A partir de ahí, husmearon por los alrededores de la central hidroeléctrica abandonada. Allí se habían encontrado cuatro de los ocho cuerpos sin vida de los chicos desaparecidos. Entraron en una de las estancias más grandes de la central, pues la otra permanecía tapiada, aunque lo que encontraron no les sirvió de mucho. El suelo estaba lleno botellas de cerveza vacías y la cera de unos cirios. Además de eso, había un círculo con piedras planas y en el interior del mismo, los restos de una hoguera con lo que parecía ser los huesos de un gato o un conejo. Las paredes estaban llenas de grafitis, con palabras en latín, cruces de diferentes tamaños y con el nombre de un tal Carlos dentro de estrellas de cinco puntas, escritas por doquier.

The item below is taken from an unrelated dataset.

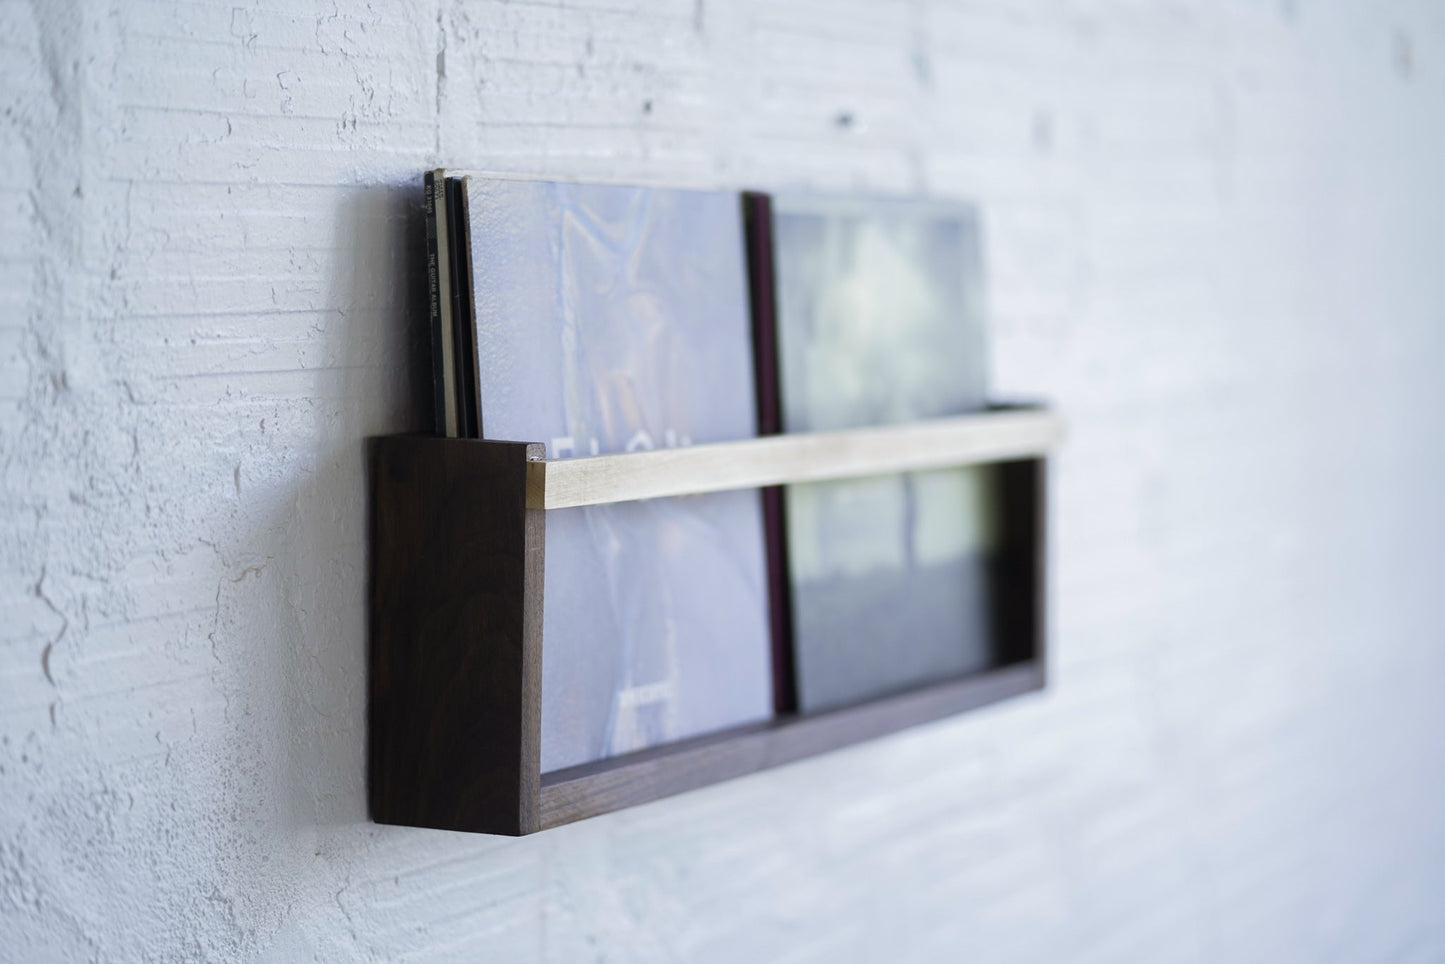 Agrega un toque de elegancia a tu hogar con este estante moderno y versátil - Kaimok Design

Milkaer reflexionó unos instantes y dedujo que ese tal Carlos debía ser el cura de Alcalá del Júcar, un hombre tan obsesionado con la religión, que no atendía a razones con nadie que no compartiera sus opiniones. Salieron al exterior de la central y cuando miraron hacia el cielo algo les pareció distinto. La noche no dejaba de ser inquietante: la temperatura era muy baja para esa época del año y aquella negrura que la impregnaba era diferente. Soplaba un viento helado que se les colaba por cada poro de la piel hasta dejarlos ateridos por el frío. Algo gélido rondaba por los alrededores, como si estuvieran siendo observados por un ser con vida propia, pero sin cuerpo visible. La niebla, una capa mortecina que se pegaba a la piel, iba desapareciendo conforme las horas pasaban. La noche transcurría y no habían sacado nada en claro sobre dónde se encontraban las dos chicas. La luna había cambiado de color pasando del naranja al rojo y se escondía detrás de unos nubarrones violáceos.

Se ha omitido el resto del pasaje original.